--- LISTED RECORDS Enclosed Below ---
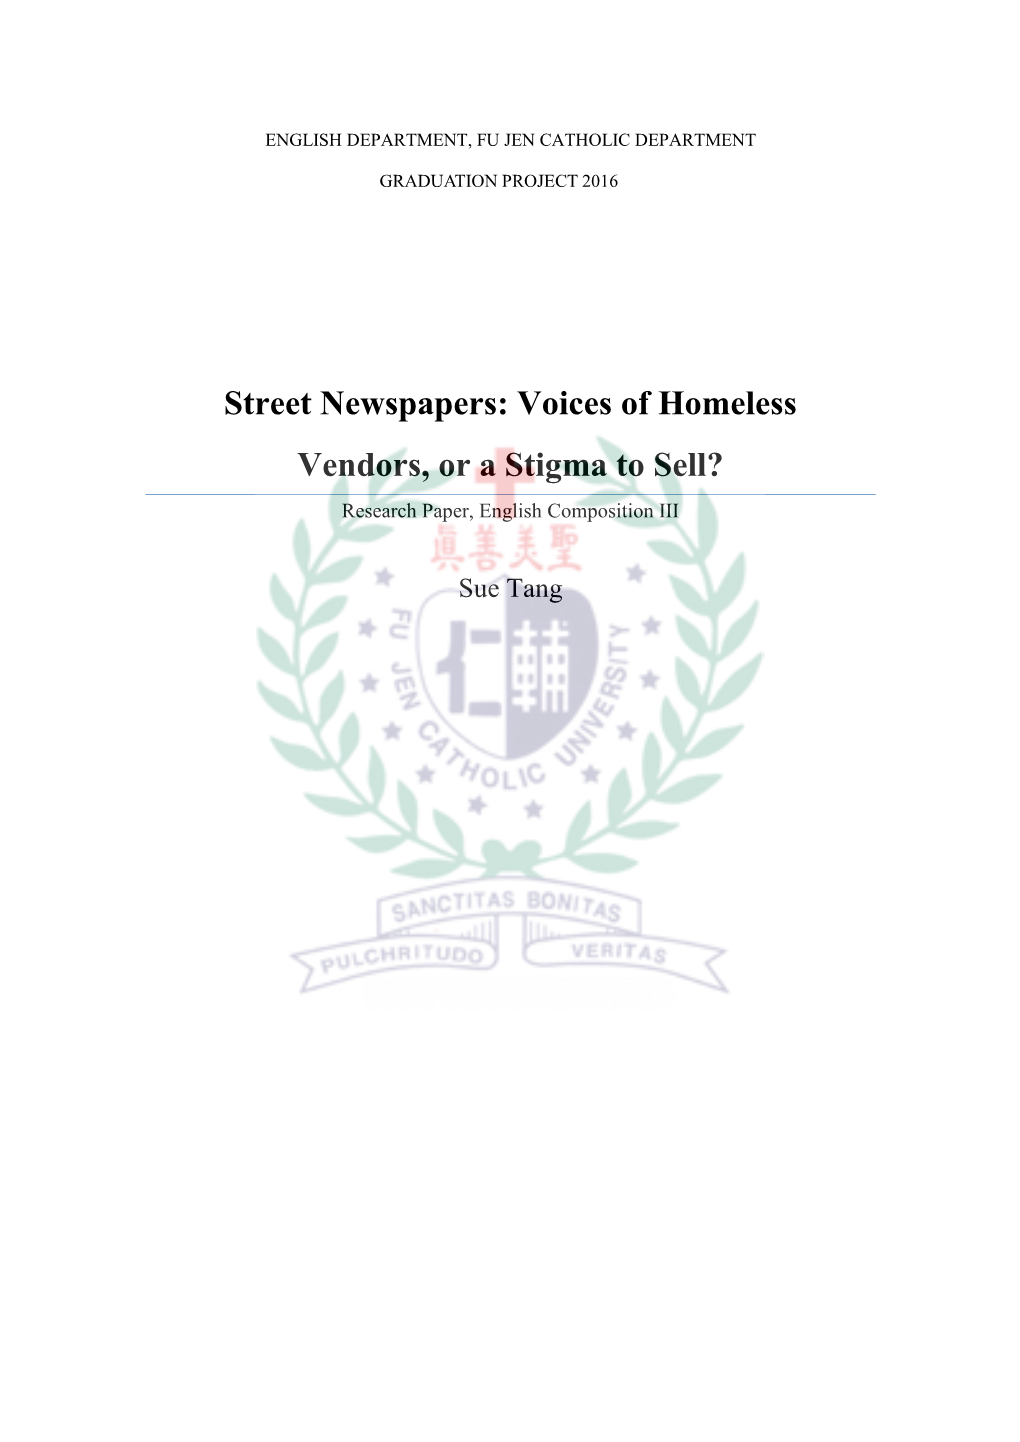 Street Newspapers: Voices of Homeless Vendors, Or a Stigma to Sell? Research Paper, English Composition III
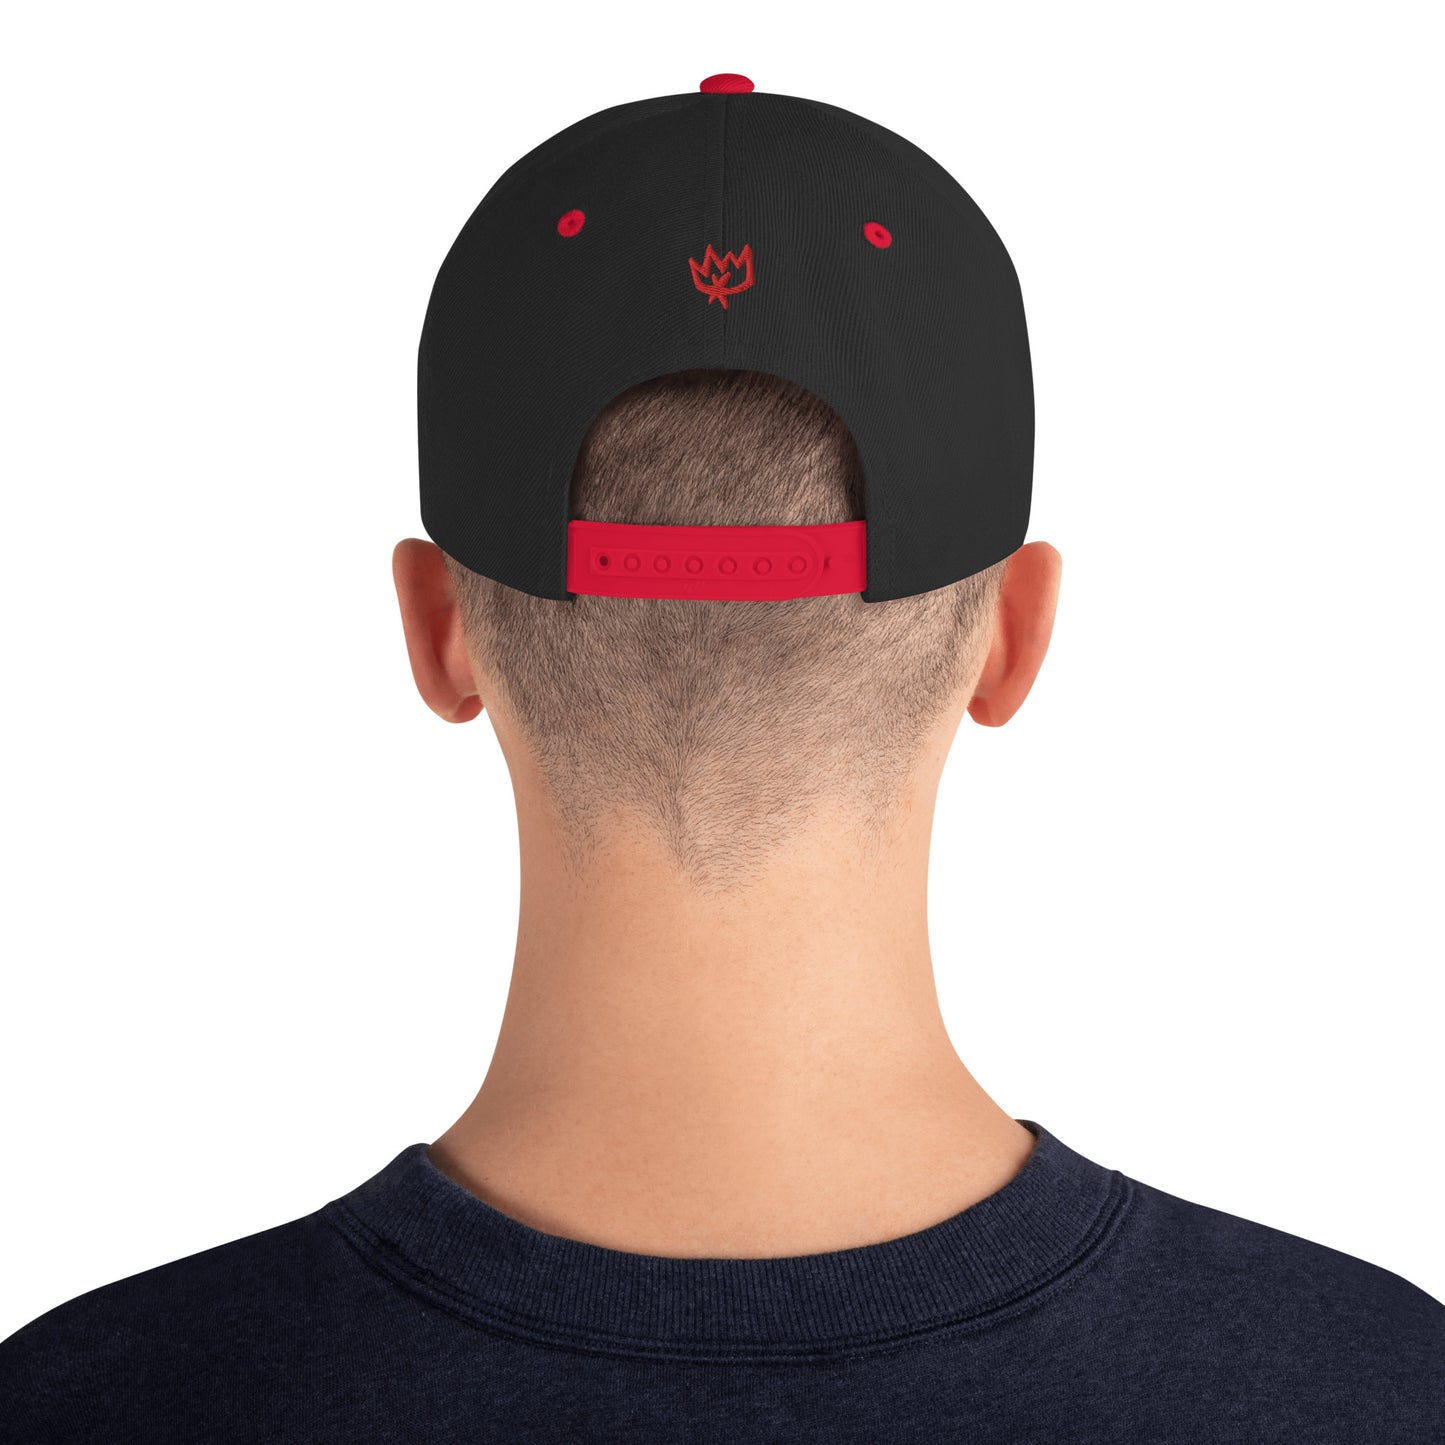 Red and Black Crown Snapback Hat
--- End of Enclosed LISTED RECORDS ---
--- LISTED RECORDS Enclosed Below ---
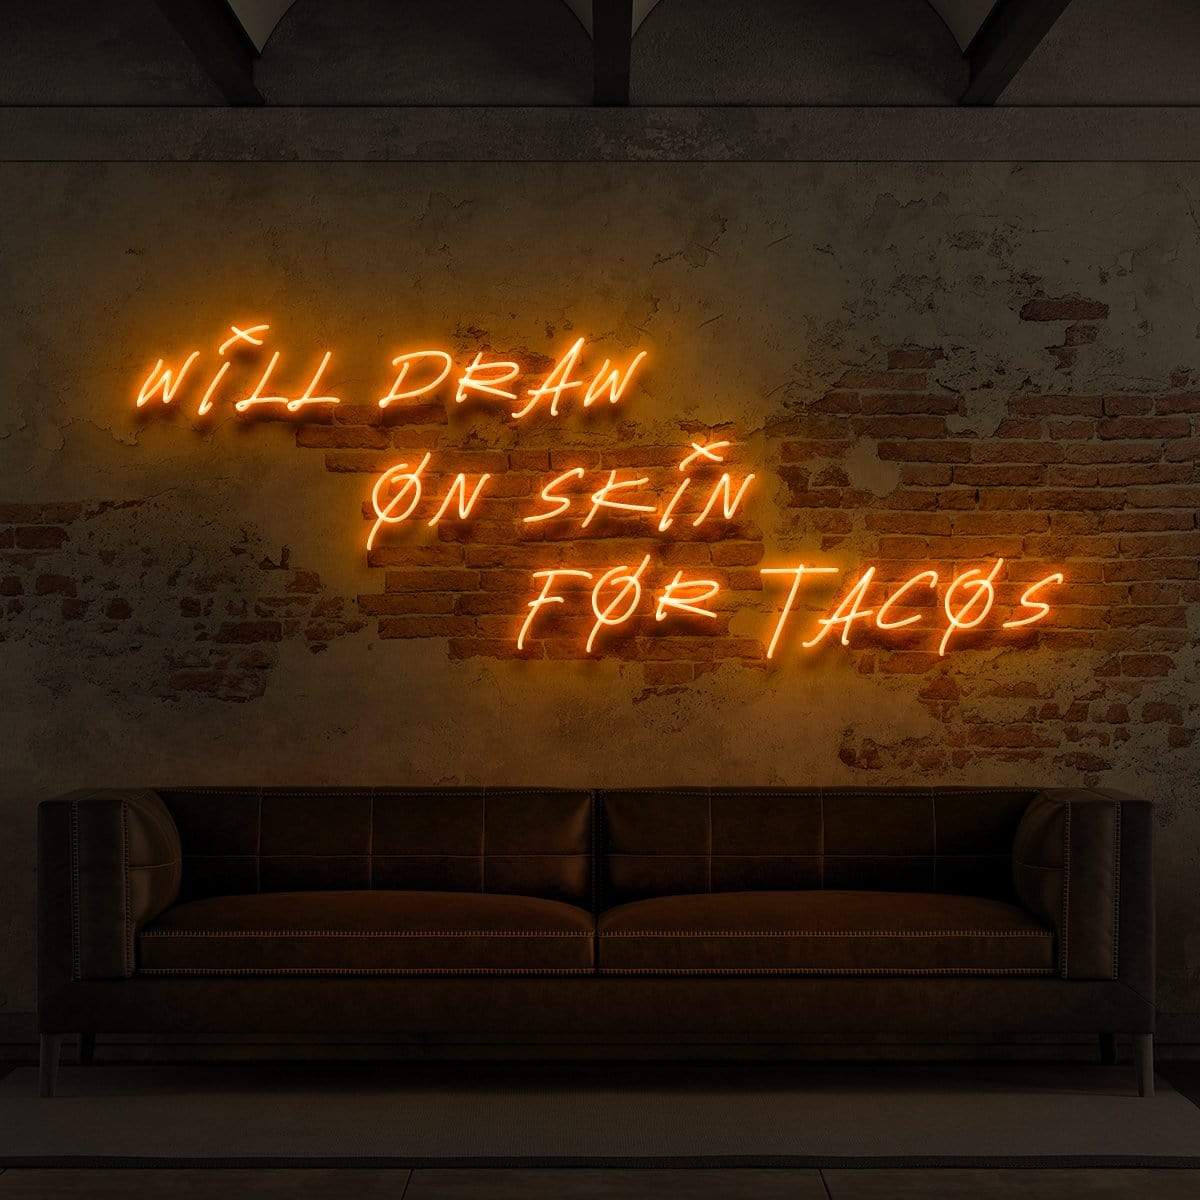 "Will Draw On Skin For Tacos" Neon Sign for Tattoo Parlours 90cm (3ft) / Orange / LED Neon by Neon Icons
--- End of Enclosed LISTED RECORDS ---
--- LISTED RECORDS Enclosed Below ---
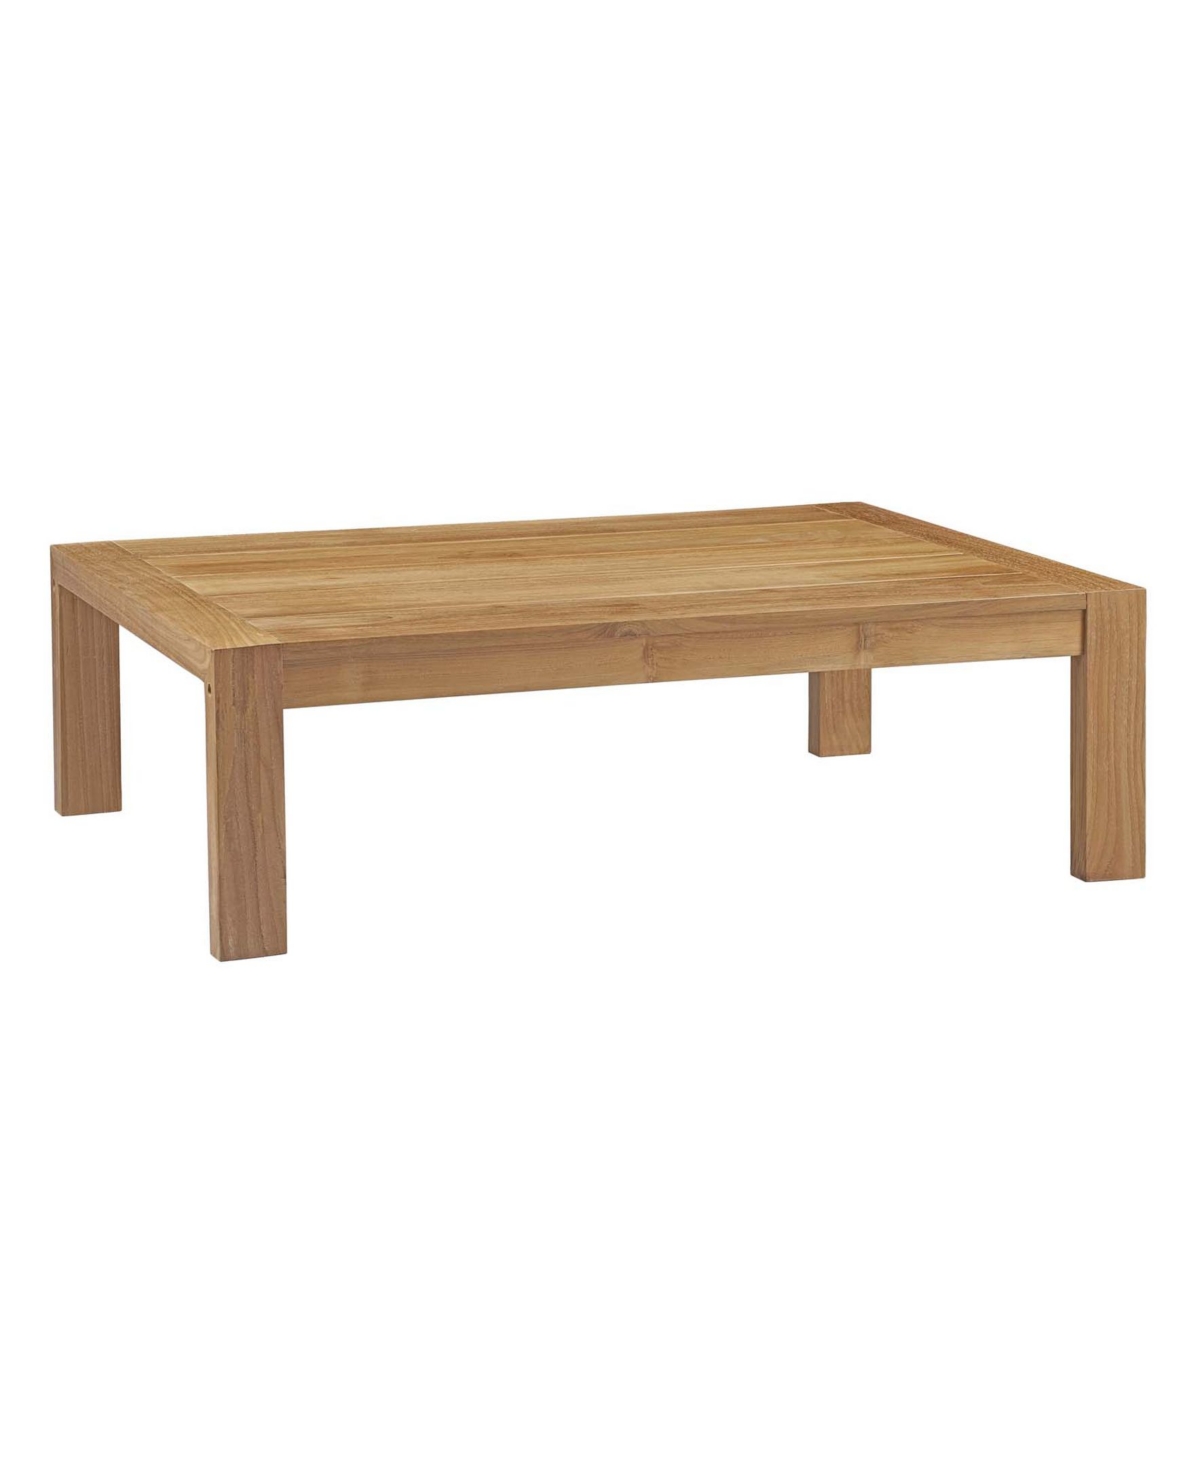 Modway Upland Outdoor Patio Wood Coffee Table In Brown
--- End of Enclosed LISTED RECORDS ---
- _TO DO_
Output only the lines above from the line that holds "Street Newspapers: Voices" through the line that holds "Red and Black Crown Snapback Hat", both ends included, and exclude pictures.

- _SOLUTION FOR THIS PROBLEM_
 Street Newspapers: Voices of Homeless Vendors, Or a Stigma to Sell? Research Paper, English Composition III
 Red and Black Crown Snapback Hat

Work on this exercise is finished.